After finding the line with "explosion-over-industrial-area.jpg" in the entries below, retype exactly each line from there through the line with "4 Pieces Bathroom", including that final line.
◇ ◇ ◇ ◇ ◇
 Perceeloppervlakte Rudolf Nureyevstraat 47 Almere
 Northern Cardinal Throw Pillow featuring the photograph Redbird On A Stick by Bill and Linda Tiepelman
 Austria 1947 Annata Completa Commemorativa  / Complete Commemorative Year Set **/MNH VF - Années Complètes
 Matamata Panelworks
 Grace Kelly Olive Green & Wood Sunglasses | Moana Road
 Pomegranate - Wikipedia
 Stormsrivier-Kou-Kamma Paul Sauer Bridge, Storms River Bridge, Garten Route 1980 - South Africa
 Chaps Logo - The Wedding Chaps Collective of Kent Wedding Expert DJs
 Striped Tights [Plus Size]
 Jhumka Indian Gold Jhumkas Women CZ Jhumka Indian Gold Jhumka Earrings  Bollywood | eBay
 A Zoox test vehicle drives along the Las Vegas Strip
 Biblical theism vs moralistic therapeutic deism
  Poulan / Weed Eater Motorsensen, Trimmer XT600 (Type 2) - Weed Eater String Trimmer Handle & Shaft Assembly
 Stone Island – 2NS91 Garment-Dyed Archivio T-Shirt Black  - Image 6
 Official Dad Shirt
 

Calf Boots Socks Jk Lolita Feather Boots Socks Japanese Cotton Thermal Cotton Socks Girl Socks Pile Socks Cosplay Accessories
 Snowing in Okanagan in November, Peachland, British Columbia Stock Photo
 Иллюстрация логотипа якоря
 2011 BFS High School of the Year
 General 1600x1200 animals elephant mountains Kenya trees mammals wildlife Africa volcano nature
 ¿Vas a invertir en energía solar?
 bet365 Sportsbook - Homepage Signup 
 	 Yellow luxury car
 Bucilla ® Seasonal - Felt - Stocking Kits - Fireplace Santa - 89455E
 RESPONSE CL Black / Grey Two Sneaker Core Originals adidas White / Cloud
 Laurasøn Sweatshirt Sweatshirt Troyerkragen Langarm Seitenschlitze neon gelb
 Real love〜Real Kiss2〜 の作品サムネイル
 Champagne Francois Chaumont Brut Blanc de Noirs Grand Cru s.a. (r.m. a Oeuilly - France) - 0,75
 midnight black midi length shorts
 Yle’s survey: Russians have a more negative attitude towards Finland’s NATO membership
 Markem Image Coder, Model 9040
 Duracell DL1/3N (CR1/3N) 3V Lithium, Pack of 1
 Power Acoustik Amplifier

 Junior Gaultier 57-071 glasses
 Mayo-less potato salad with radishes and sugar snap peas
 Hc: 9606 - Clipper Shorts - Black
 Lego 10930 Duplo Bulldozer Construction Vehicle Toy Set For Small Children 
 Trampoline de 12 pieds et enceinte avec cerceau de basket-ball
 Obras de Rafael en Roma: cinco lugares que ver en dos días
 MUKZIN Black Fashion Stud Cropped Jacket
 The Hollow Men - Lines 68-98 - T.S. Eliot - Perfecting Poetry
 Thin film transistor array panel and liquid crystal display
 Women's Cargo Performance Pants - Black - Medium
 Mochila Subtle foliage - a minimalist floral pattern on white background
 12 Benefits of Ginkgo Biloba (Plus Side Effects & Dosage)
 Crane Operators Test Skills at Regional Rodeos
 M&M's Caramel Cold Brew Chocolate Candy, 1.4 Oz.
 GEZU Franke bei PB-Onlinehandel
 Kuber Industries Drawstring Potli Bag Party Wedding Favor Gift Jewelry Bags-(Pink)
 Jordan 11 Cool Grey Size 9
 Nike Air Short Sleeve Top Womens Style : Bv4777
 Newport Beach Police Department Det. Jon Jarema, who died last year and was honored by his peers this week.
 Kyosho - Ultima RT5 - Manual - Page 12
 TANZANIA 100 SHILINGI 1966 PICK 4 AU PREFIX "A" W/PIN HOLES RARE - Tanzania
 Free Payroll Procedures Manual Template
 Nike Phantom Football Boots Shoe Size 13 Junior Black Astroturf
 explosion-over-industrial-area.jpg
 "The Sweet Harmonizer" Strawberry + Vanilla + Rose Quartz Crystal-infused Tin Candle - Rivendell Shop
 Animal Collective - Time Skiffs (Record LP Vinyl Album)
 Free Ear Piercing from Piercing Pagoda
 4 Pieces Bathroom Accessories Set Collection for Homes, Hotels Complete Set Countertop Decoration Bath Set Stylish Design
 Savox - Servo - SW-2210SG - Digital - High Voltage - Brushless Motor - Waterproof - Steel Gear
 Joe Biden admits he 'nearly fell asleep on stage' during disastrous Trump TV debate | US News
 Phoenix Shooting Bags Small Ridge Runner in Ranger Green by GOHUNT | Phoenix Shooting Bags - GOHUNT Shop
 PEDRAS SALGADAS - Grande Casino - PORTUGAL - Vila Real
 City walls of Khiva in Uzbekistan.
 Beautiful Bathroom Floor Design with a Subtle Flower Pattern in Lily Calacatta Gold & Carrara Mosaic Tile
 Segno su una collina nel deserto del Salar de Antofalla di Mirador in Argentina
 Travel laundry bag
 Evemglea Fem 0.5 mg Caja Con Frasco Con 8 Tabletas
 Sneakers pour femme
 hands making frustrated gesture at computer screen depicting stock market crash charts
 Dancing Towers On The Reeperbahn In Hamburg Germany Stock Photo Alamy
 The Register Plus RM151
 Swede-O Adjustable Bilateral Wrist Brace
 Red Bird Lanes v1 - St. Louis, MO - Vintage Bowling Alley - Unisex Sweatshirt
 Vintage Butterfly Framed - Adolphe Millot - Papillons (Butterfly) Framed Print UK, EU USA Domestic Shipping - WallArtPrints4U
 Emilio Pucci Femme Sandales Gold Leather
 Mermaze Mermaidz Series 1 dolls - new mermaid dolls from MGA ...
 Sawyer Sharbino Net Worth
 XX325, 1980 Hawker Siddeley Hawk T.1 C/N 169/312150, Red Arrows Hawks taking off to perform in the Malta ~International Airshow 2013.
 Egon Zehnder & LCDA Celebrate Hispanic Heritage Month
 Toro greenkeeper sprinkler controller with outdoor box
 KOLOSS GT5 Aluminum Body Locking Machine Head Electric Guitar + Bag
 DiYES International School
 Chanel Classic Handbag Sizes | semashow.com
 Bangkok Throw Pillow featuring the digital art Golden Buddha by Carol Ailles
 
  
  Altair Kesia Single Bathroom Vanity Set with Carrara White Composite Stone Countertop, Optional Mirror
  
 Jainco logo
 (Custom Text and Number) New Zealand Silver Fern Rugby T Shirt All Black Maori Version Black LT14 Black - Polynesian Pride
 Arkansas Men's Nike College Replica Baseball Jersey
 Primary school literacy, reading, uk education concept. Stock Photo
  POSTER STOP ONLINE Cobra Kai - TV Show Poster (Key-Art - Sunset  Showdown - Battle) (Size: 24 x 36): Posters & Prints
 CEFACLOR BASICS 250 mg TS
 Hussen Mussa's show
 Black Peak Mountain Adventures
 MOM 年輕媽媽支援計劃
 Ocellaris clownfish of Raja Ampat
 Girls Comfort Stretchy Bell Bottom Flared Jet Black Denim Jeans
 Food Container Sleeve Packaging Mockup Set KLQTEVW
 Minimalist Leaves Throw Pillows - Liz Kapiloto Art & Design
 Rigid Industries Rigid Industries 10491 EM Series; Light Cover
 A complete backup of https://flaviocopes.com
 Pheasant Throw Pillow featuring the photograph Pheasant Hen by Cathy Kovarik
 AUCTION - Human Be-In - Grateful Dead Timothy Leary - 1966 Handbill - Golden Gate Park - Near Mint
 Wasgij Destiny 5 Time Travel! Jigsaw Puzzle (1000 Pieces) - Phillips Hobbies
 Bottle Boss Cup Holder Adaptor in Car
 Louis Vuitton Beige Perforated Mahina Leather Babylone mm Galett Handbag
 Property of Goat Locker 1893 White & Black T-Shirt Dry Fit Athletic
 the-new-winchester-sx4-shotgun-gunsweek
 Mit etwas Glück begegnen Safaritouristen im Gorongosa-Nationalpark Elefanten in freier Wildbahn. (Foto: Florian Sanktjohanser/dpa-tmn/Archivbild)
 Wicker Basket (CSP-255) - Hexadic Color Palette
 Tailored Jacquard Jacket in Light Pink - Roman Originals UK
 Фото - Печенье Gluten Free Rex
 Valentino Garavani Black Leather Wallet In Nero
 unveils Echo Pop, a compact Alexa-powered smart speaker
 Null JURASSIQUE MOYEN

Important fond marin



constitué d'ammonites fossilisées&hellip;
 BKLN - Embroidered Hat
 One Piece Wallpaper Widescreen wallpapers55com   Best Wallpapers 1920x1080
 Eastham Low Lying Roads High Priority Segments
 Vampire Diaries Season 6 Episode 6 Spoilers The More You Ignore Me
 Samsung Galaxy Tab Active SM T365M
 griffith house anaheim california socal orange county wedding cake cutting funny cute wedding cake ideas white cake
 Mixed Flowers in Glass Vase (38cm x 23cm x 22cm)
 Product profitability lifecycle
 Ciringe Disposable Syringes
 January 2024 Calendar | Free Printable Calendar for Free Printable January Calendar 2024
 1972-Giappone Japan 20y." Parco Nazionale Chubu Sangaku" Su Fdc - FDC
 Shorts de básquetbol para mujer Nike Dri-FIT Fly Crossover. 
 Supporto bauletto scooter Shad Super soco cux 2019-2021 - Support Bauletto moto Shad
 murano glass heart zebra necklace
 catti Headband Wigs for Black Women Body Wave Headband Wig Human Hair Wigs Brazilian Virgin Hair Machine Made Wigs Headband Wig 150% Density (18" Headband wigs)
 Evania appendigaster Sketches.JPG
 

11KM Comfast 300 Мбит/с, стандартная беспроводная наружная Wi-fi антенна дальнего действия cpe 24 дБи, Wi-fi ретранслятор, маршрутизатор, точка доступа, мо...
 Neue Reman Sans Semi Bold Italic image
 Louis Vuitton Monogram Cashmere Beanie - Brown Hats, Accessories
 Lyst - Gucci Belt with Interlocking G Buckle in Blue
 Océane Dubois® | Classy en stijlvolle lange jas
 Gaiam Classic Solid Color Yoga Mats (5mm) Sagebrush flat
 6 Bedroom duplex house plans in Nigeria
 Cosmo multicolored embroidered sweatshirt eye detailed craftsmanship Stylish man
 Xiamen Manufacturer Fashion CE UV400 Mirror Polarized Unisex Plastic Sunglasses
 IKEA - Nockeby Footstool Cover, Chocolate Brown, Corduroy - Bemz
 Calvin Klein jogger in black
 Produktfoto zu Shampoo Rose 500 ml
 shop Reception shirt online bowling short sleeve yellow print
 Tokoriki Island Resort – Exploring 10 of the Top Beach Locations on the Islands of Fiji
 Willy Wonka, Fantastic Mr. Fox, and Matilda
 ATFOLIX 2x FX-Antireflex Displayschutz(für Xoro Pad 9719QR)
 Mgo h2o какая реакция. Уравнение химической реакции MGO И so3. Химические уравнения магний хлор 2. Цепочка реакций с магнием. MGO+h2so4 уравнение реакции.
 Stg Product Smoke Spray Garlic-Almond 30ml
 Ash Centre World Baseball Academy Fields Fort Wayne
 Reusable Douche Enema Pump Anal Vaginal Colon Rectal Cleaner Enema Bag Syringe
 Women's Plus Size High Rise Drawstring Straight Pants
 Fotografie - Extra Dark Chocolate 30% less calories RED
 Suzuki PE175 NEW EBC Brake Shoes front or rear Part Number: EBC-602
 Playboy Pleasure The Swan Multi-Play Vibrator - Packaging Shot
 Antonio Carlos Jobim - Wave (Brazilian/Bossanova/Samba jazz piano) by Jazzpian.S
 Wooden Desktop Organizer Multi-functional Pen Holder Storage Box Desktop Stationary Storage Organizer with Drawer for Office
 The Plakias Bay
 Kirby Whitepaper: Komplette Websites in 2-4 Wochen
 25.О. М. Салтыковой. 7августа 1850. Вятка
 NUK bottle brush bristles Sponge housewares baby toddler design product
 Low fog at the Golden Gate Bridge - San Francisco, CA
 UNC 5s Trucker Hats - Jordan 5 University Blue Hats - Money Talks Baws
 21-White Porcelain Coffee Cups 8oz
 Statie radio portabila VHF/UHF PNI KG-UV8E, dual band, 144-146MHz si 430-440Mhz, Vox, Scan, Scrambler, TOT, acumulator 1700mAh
◇ ◇ ◇ ◇ ◇
§ **EXPECTED OUTPUT**
 explosion-over-industrial-area.jpg
 "The Sweet Harmonizer" Strawberry + Vanilla + Rose Quartz Crystal-infused Tin Candle - Rivendell Shop
 Animal Collective - Time Skiffs (Record LP Vinyl Album)
 Free Ear Piercing from Piercing Pagoda
 4 Pieces Bathroom Accessories Set Collection for Homes, Hotels Complete Set Countertop Decoration Bath Set Stylish Design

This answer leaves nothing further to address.